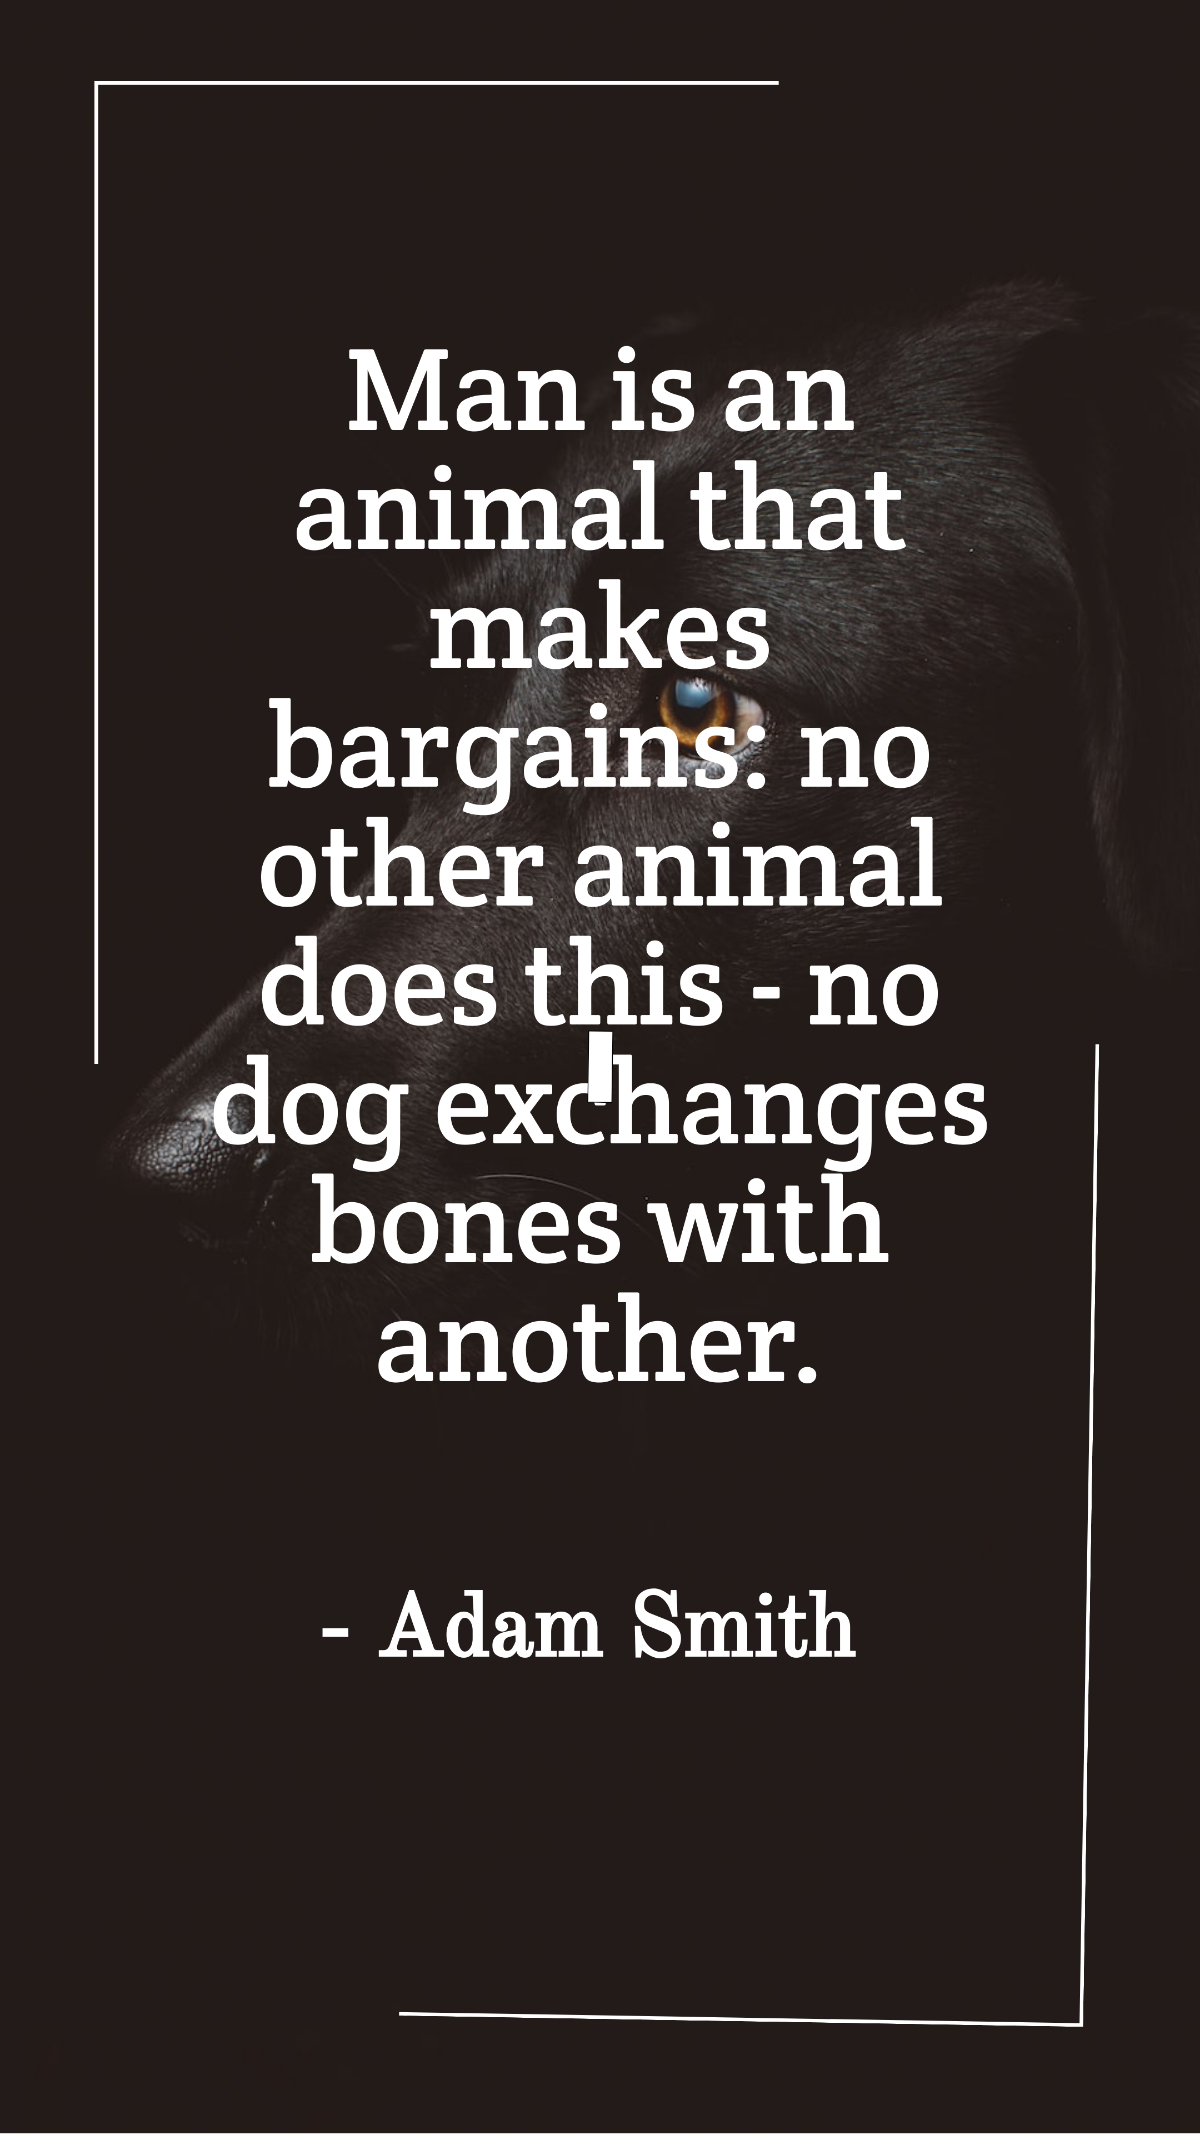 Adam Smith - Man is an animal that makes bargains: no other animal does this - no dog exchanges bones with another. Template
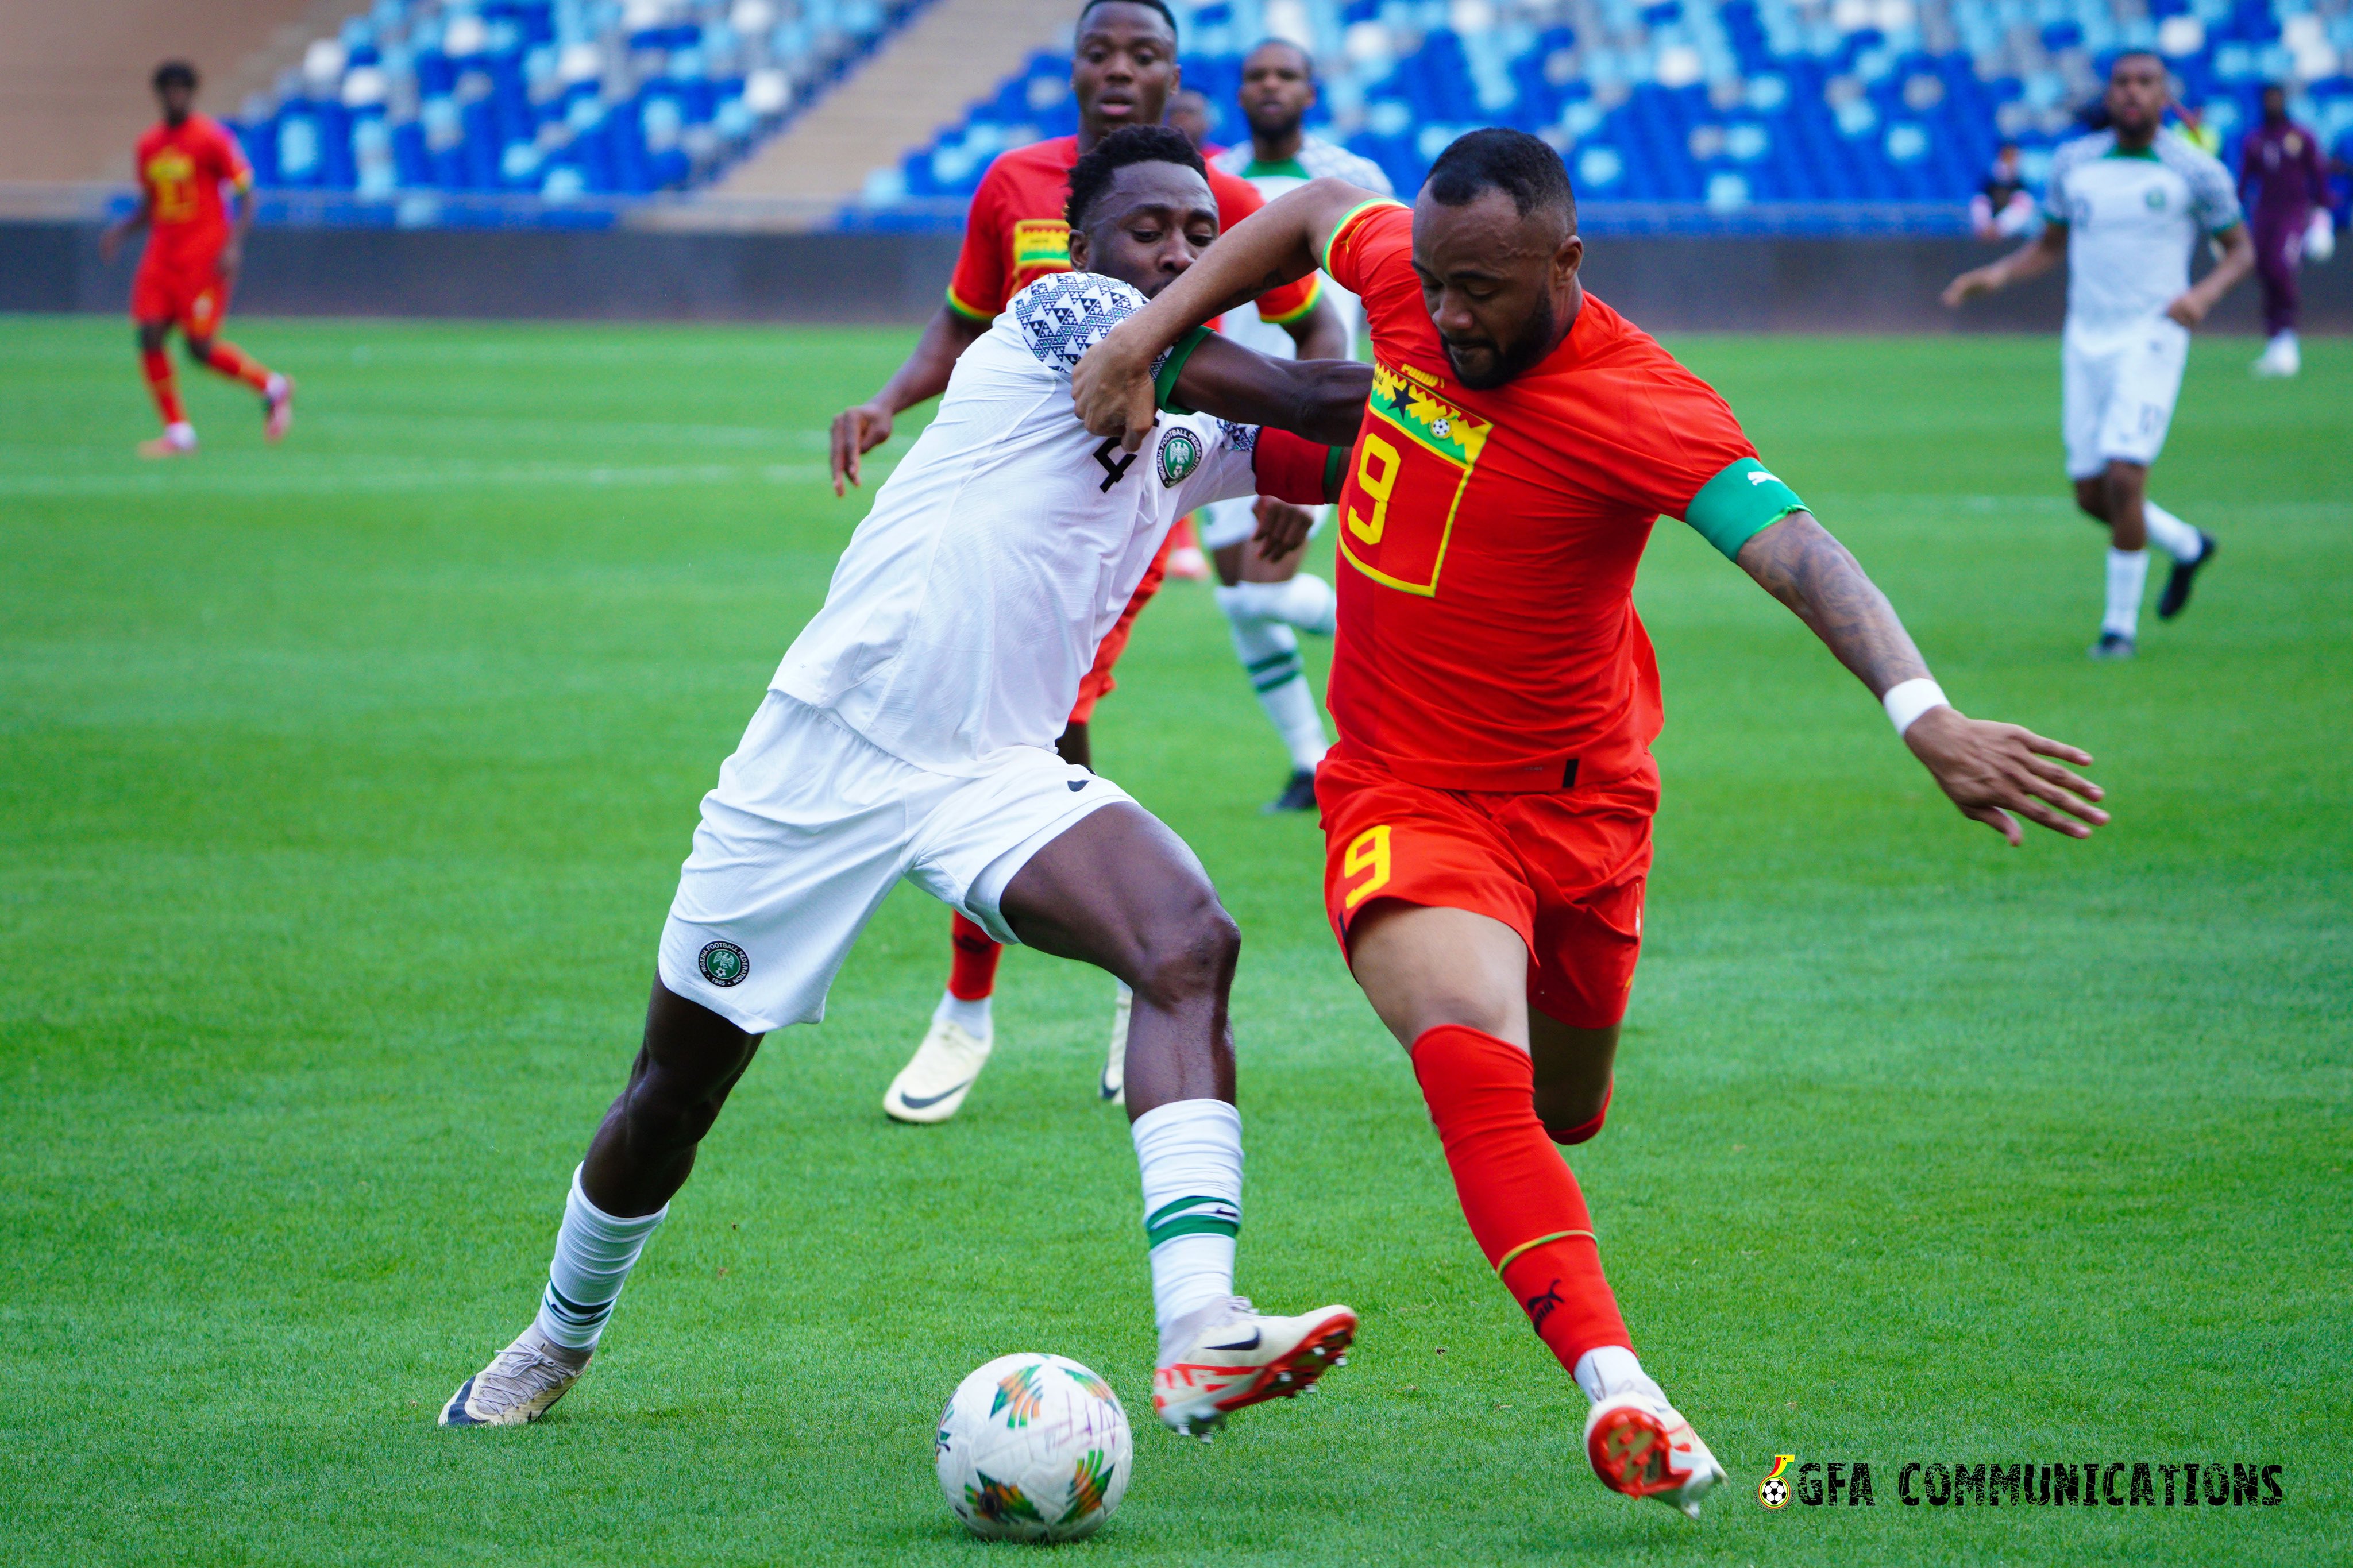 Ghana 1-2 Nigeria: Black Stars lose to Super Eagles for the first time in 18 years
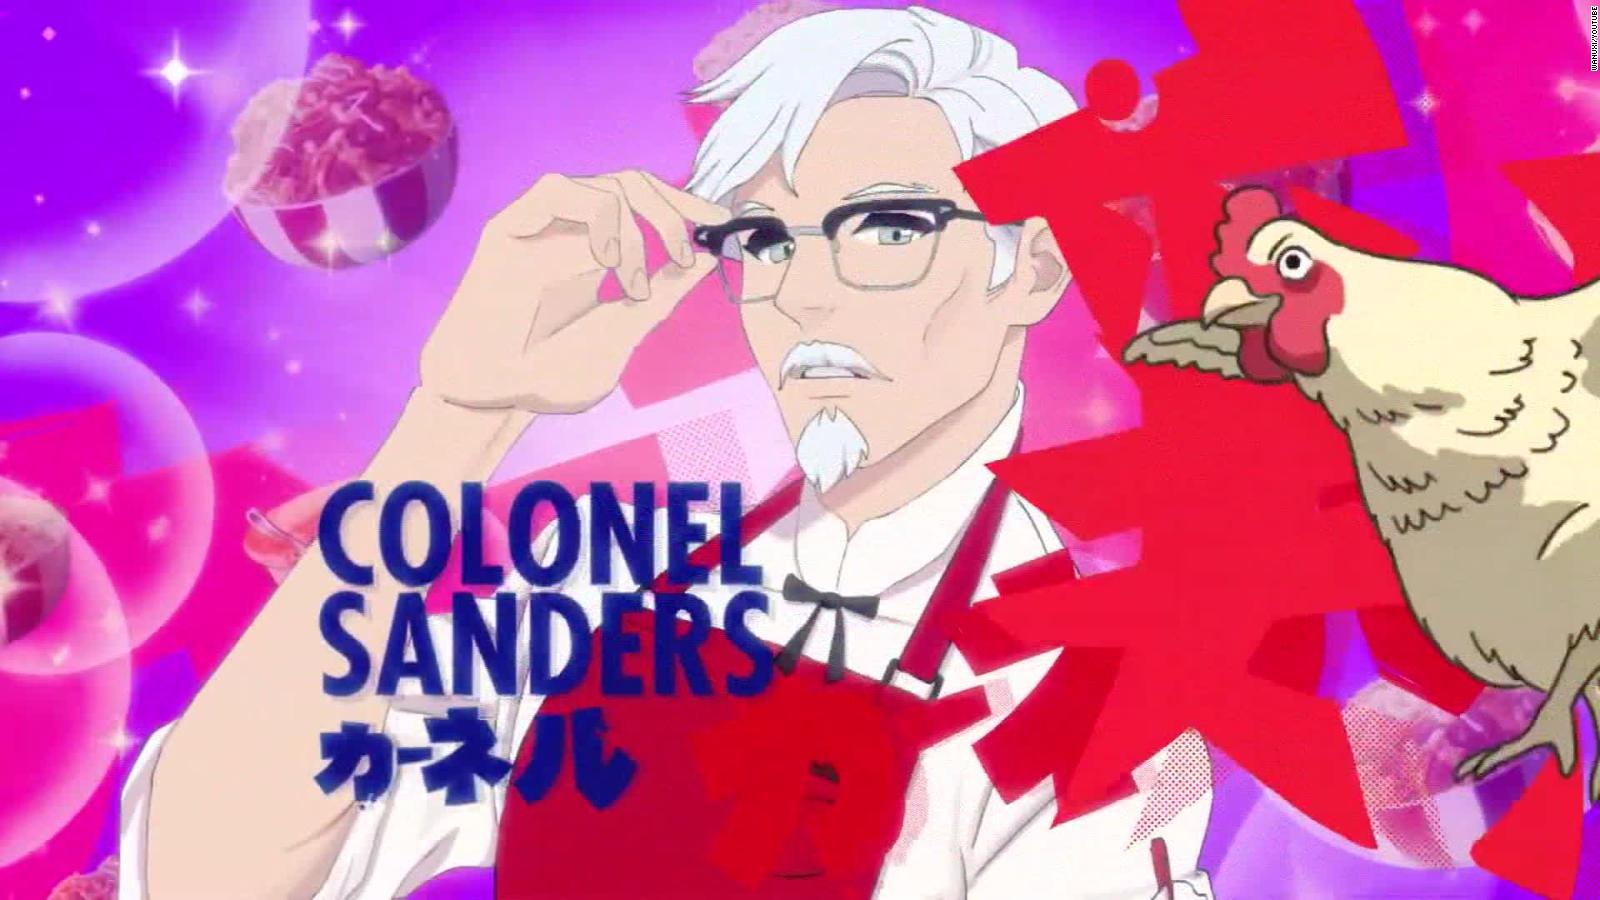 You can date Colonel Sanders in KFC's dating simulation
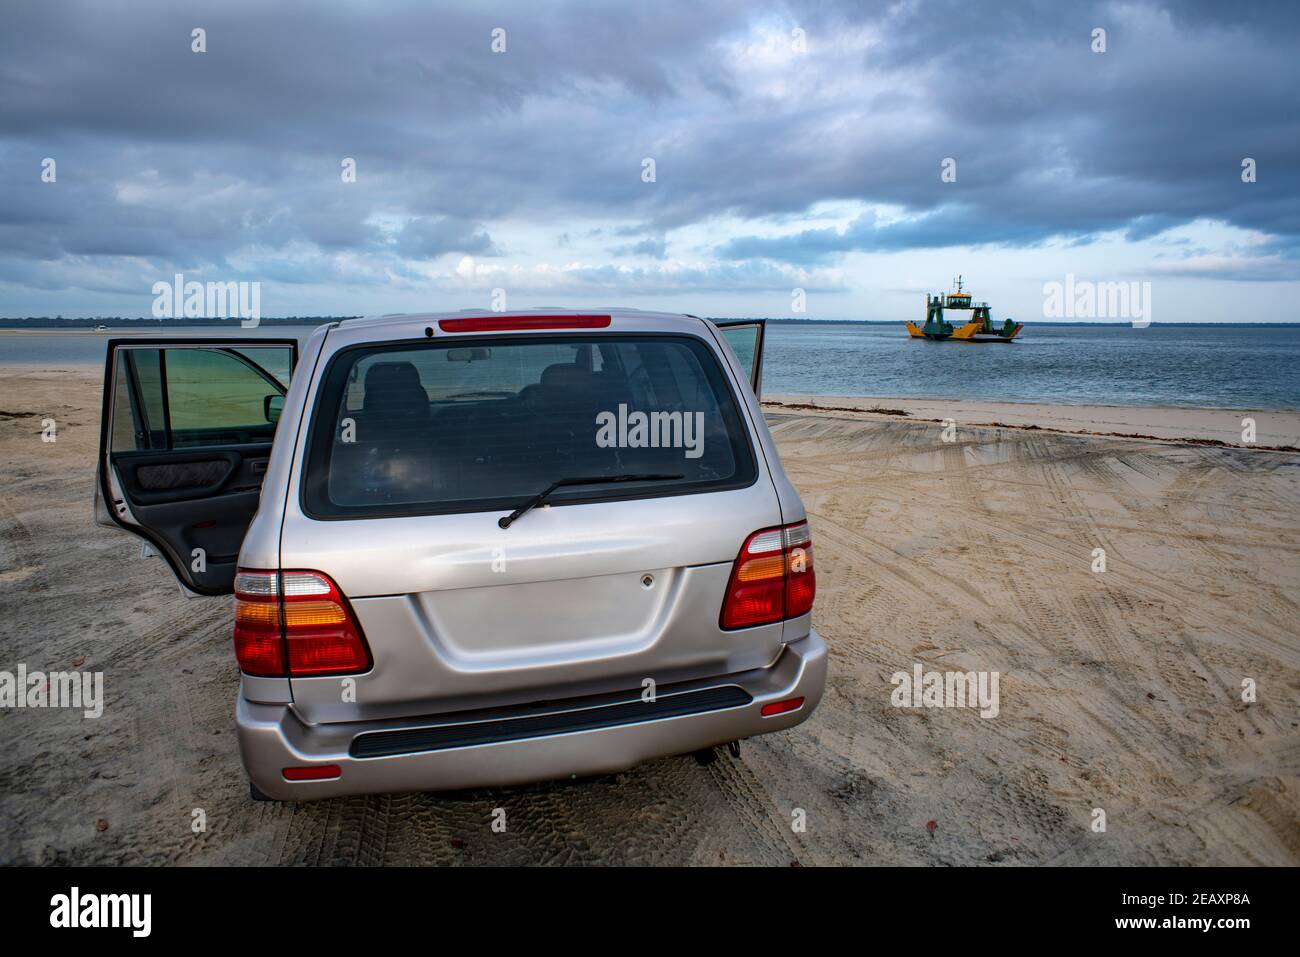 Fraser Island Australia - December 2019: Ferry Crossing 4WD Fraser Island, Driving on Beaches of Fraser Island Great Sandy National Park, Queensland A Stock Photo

*WHAT THE TASK ASKS*. Repeat the listing above word for word and leave its images out.

*EXERCISE ANSWER*.
 Adam Smith - Man is an animal that makes bargains: no other animal does this - no dog exchanges bones with another. Template
 Ghana 1-2 Nigeria: Black Stars lose to Super Eagles for the first time in 18 years
 You can date Colonel Sanders in KFC's dating simulation
 Fraser Island Australia - December 2019: Ferry Crossing 4WD Fraser Island, Driving on Beaches of Fraser Island Great Sandy National Park, Queensland A Stock Photo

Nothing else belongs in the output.